WHAT YOU SHOULD DO. Of the records that follow, copy only the lines from the line containing "Skin Care - Nasim" to the line containing "Malletech Samuels Vibraphone", both included, exactly as written.

DATA RECORDS.
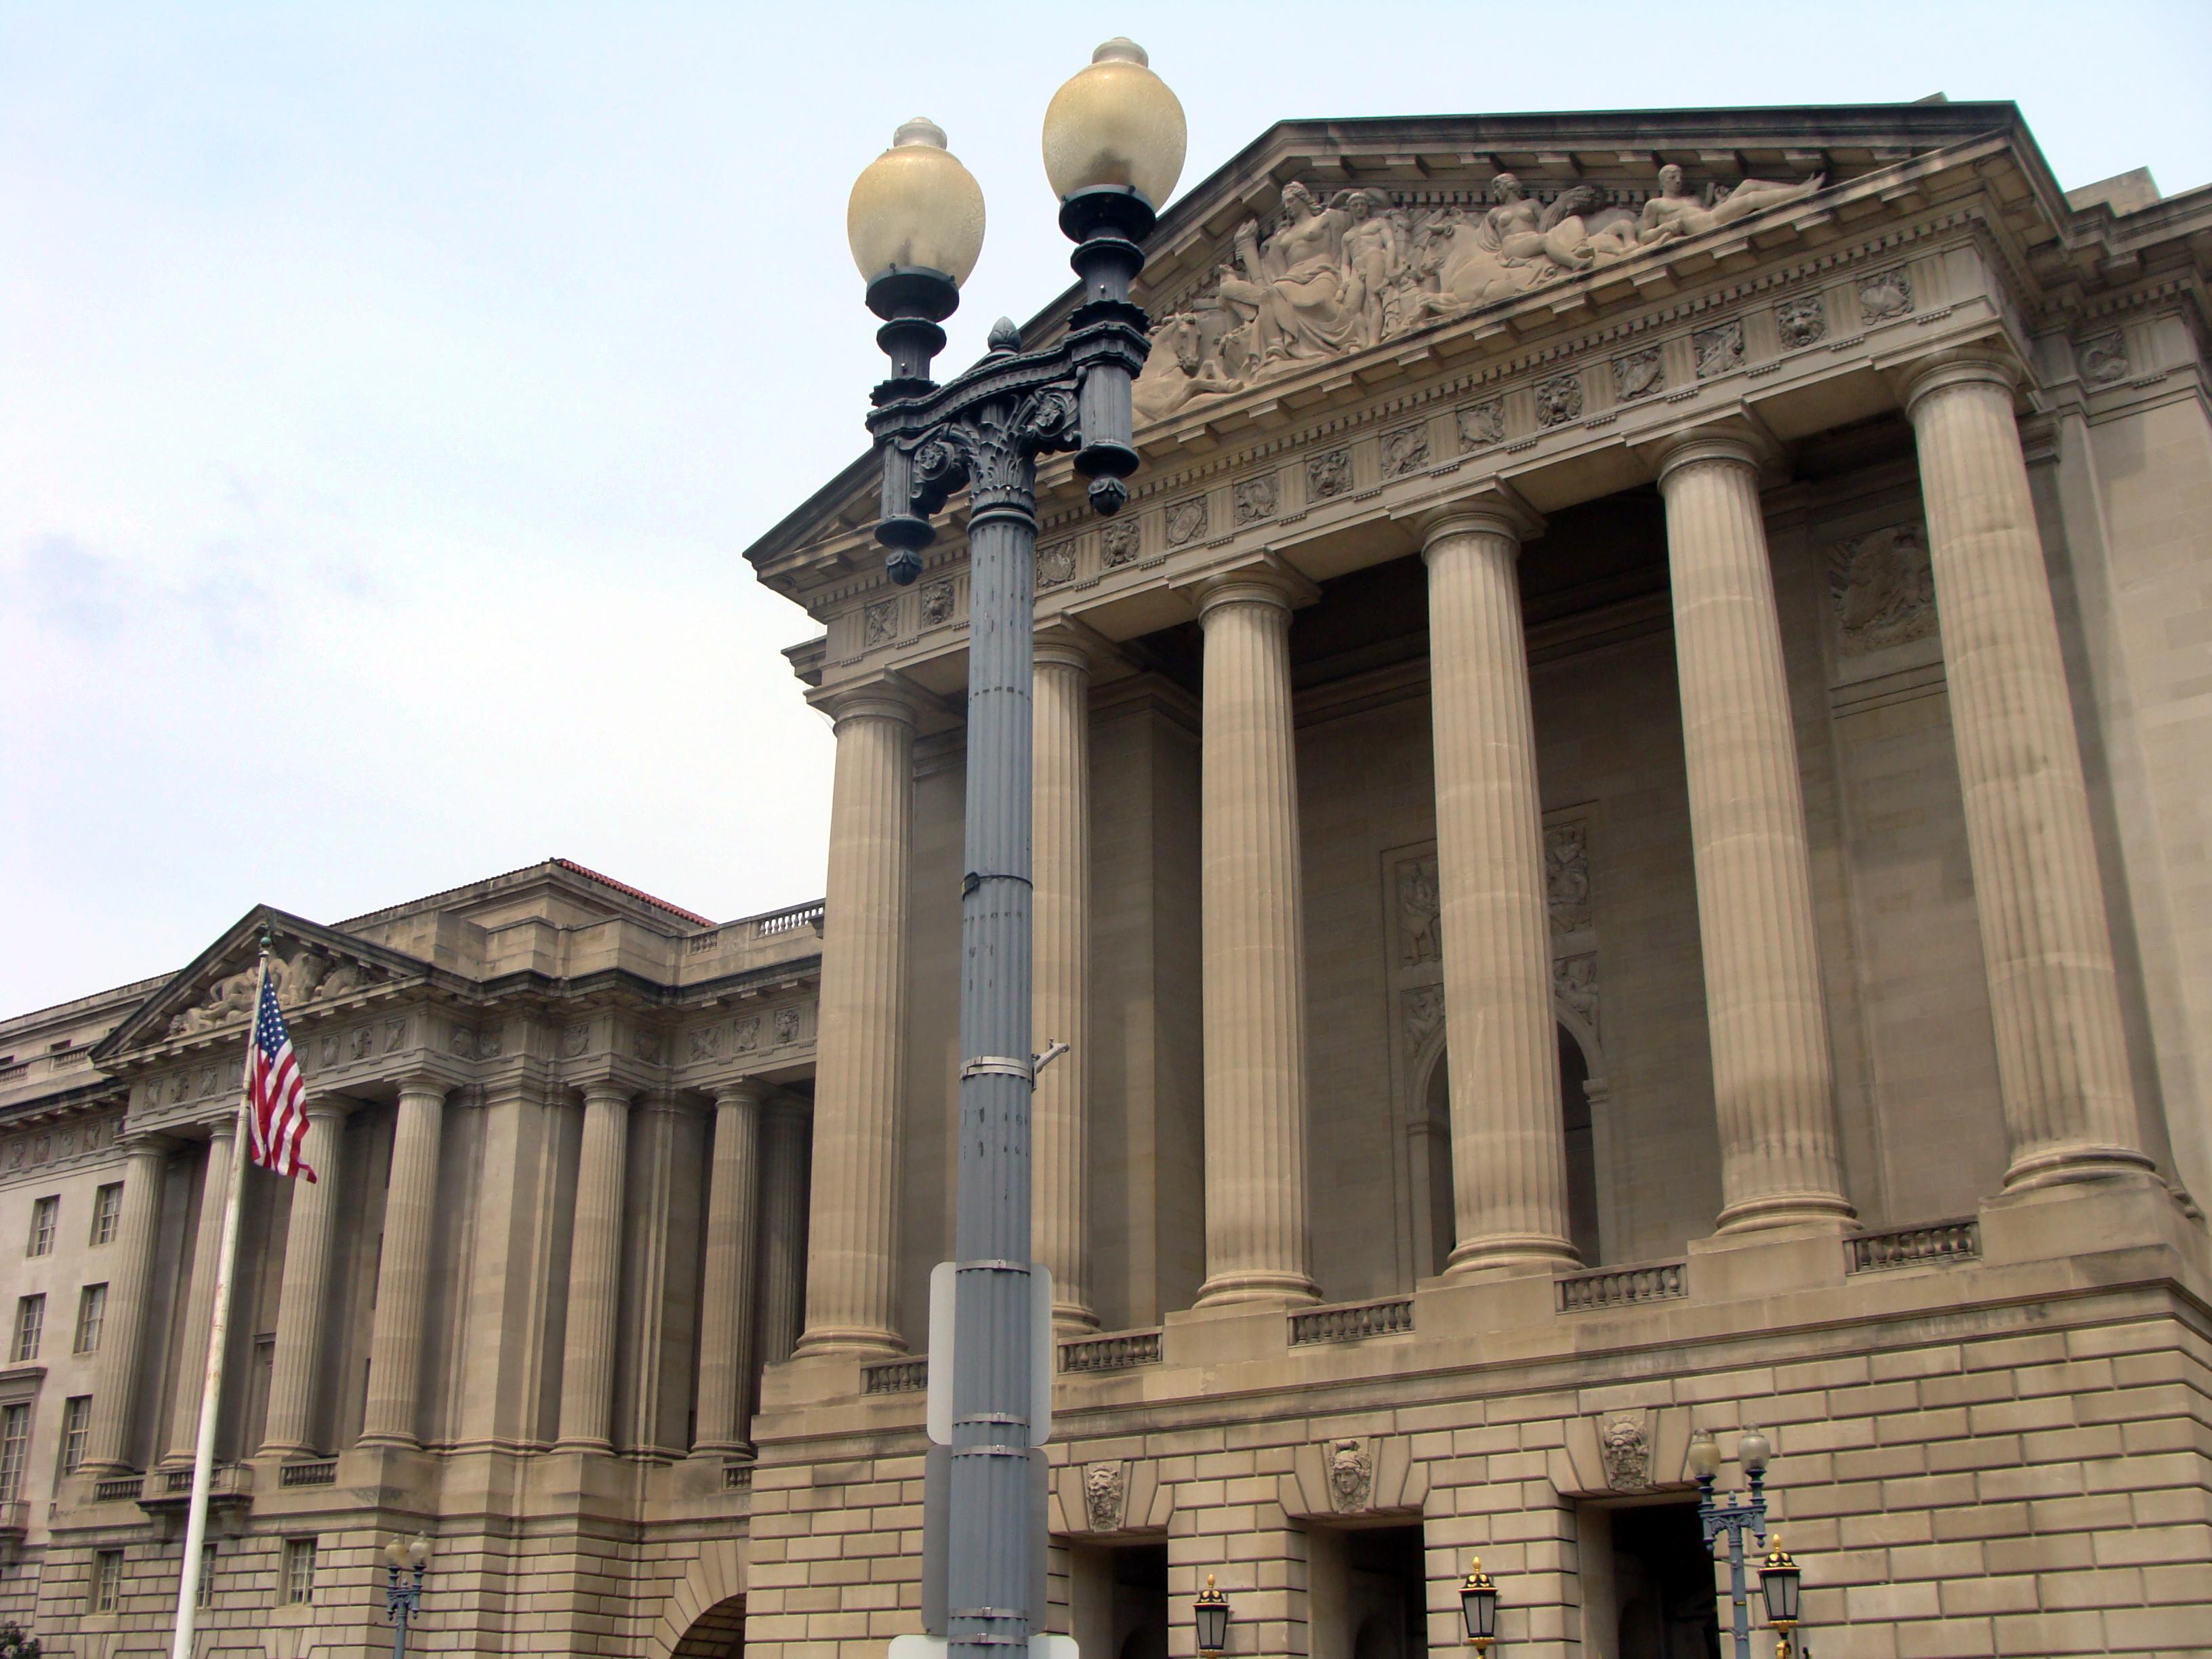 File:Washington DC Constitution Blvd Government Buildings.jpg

--

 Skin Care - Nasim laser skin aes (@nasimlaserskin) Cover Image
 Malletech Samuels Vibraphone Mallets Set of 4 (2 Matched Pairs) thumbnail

COMPLETED TASK.
 Skin Care - Nasim laser skin aes (@nasimlaserskin) Cover Image
 Malletech Samuels Vibraphone Mallets Set of 4 (2 Matched Pairs) thumbnail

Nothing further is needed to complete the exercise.